● **Exercise**:
Return each line of the records below in which the string "frame" turns up.

● **Provided entries**:
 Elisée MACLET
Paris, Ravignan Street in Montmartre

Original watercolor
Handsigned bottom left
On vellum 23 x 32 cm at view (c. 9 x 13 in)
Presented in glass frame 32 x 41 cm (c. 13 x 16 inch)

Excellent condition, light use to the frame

--

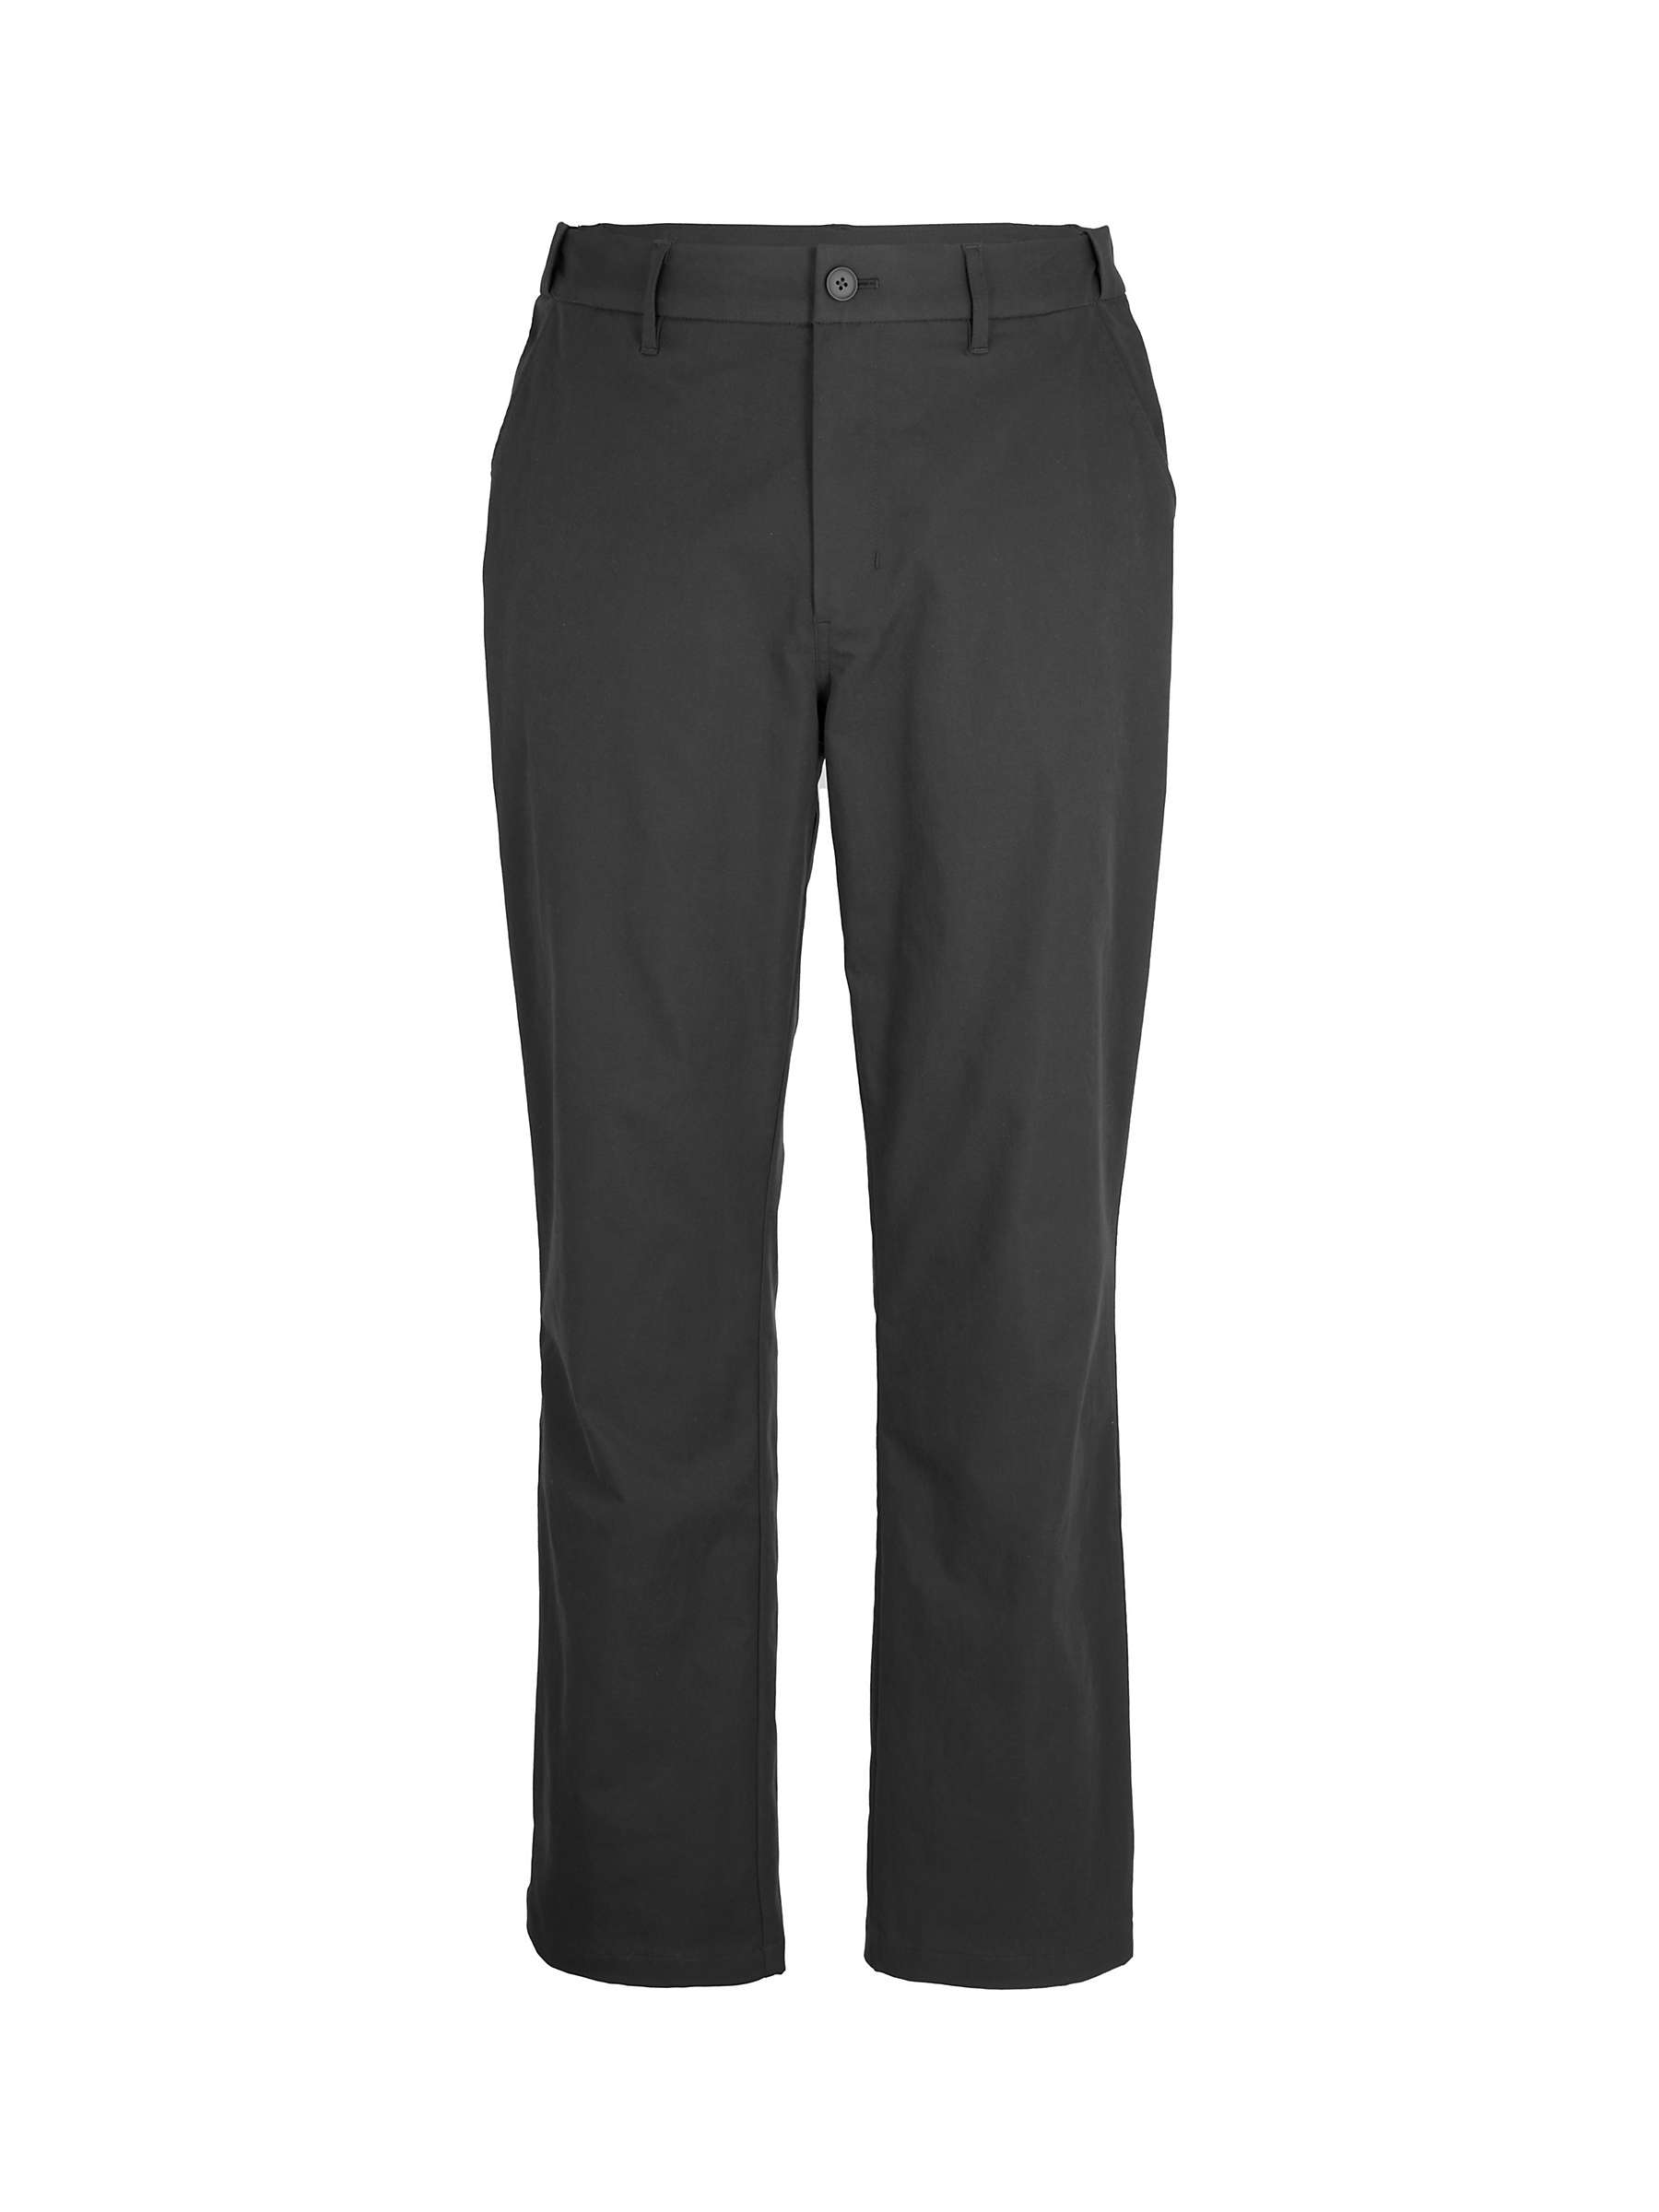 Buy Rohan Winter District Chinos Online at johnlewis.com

● **Result for this task**:
Presented in glass frame 32 x 41 cm (c. 13 x 16 inch)
Excellent condition, light use to the frame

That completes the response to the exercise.